= Cristòfor Taltabull =

Spanish composer and music pedagogue (1888–1964)

Cristòfor Taltabull (28 July 1888 – 1 May 1964) was a Spanish composer and pedagogue who played a role in the reconstruction of musical life in Catalonia after the Spanish Civil War.

==Biography==

Taltabull was born in Barcelona. He came from an educated, middle-class family and studied music (mainly piano) locally. Upon the first publication of his work in 1907, he moved to Munich to study aesthetics and music theory under Franz Wiedermeyer. He also studied composition in Leipzig with Max Reger, to whom Taltabull dedicated his Sonatina per a piano (1910).

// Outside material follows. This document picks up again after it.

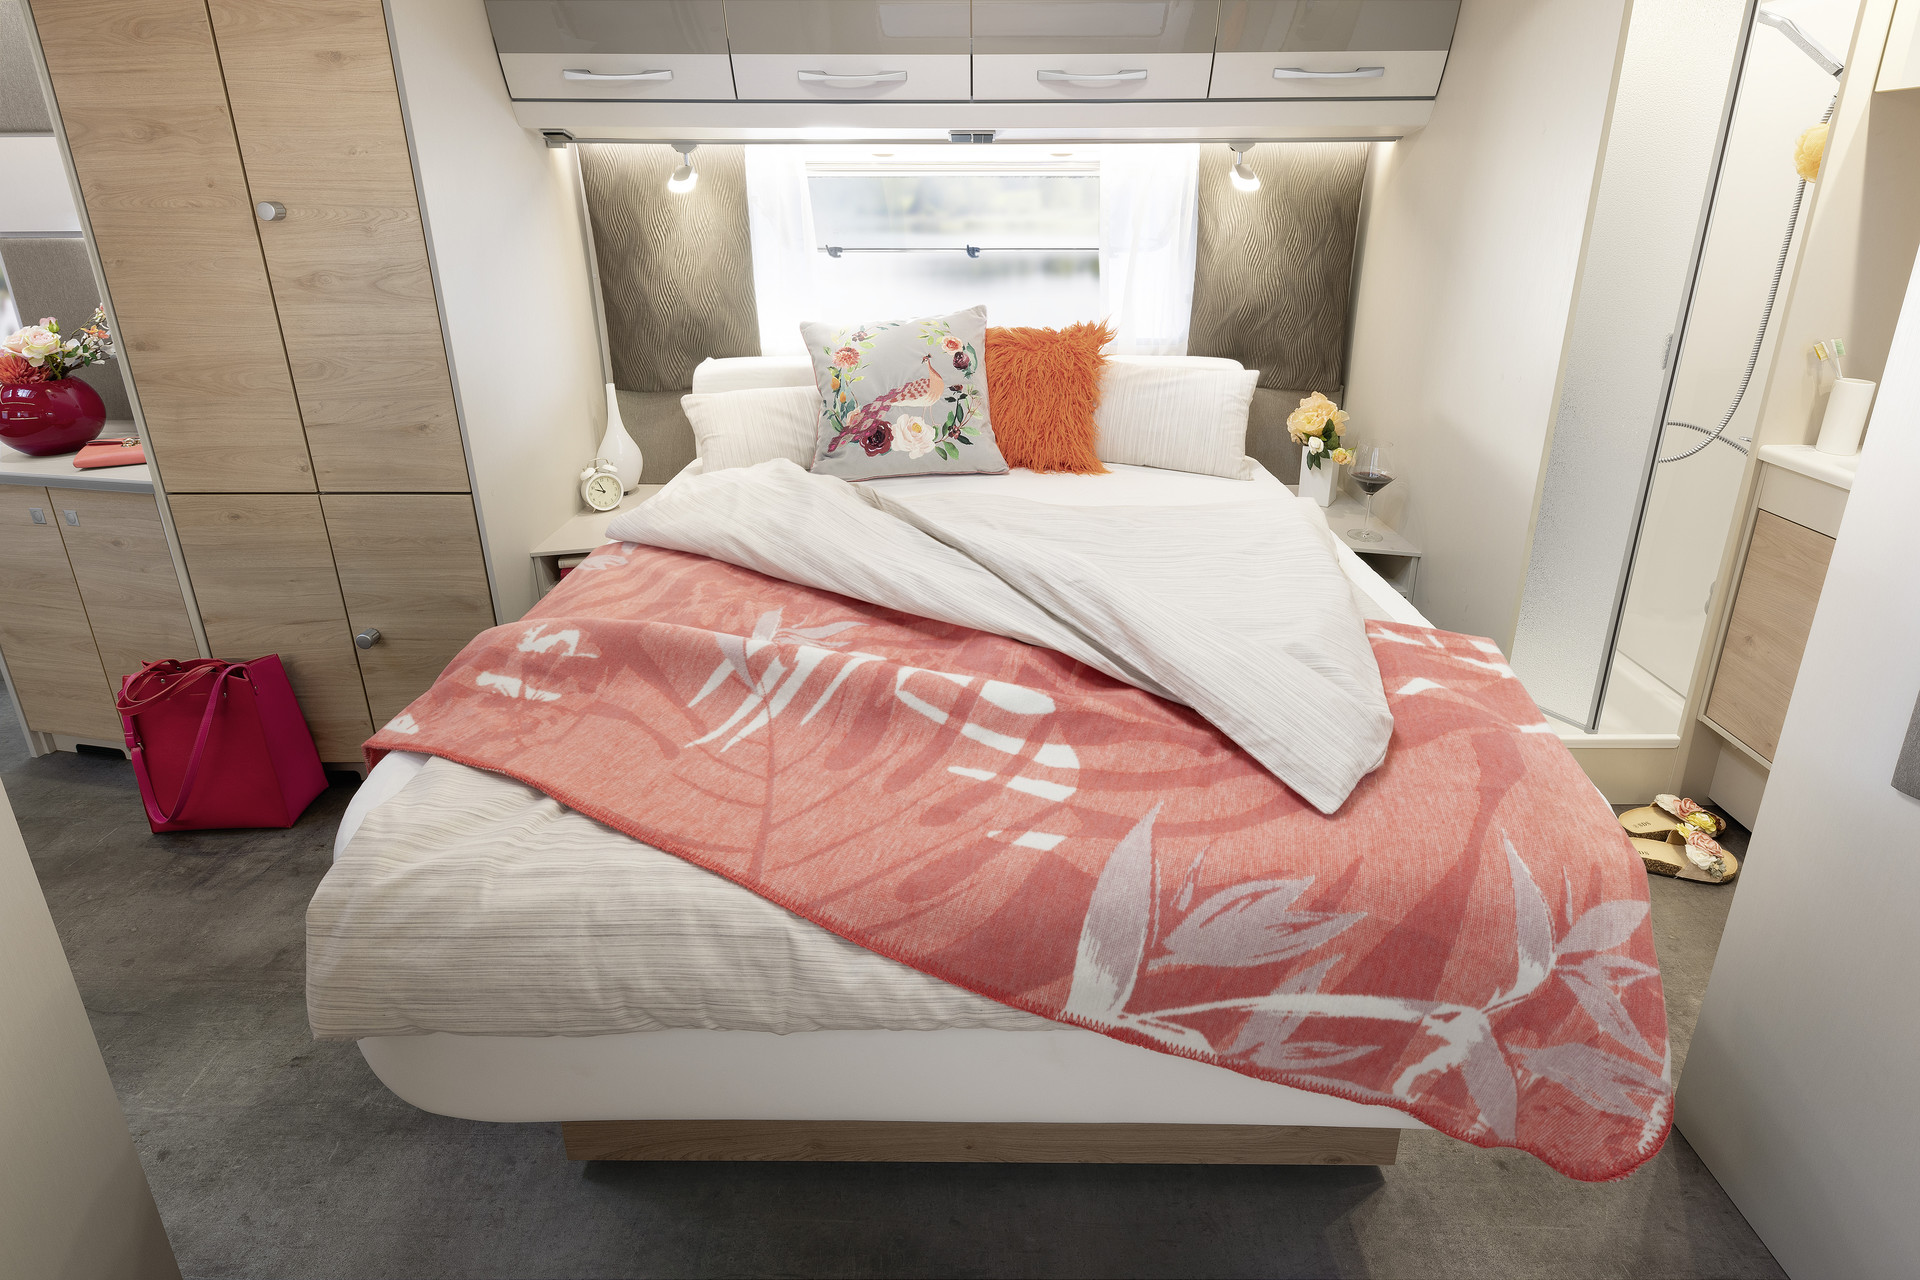 La gran cama de matrimonio es cómodamente accesible por tres lados y, durante el día, puede replegarse para obtener más espacio • 650 RQT | Chromo

In 1911, after a brief stay in Barcelona, he established himself in Paris working as a composer, pianist, and arranger. While in Paris, he continued his musical studies with André Gedalge, Charles Tournemire and Charles Koechlin. He married Lea Masson in 1914. He was forced to leave Paris during the German invasion of France during World War II.

When Taltabull returned to Barcelona, he was received indifferently and did not find much professional success in Spain under Francisco Franco. He supported himself by giving private music lessons in his home. He died in Barcelona in 1964.

After his death, Taltabull's pupils celebrated him as a gifted teacher. Some of the most important Catalan musical figures of the later 20th century, such as Xavier Benguerel, Joan Guinjoan, Josep Mestres Quadreny, Josep Soler, and Salvador Moreno Manzano, were among Taltabull's students.

The archives and personal papers of Cristòfor Taltabull are preserved in the Biblioteca de Catalunya in Barcelona.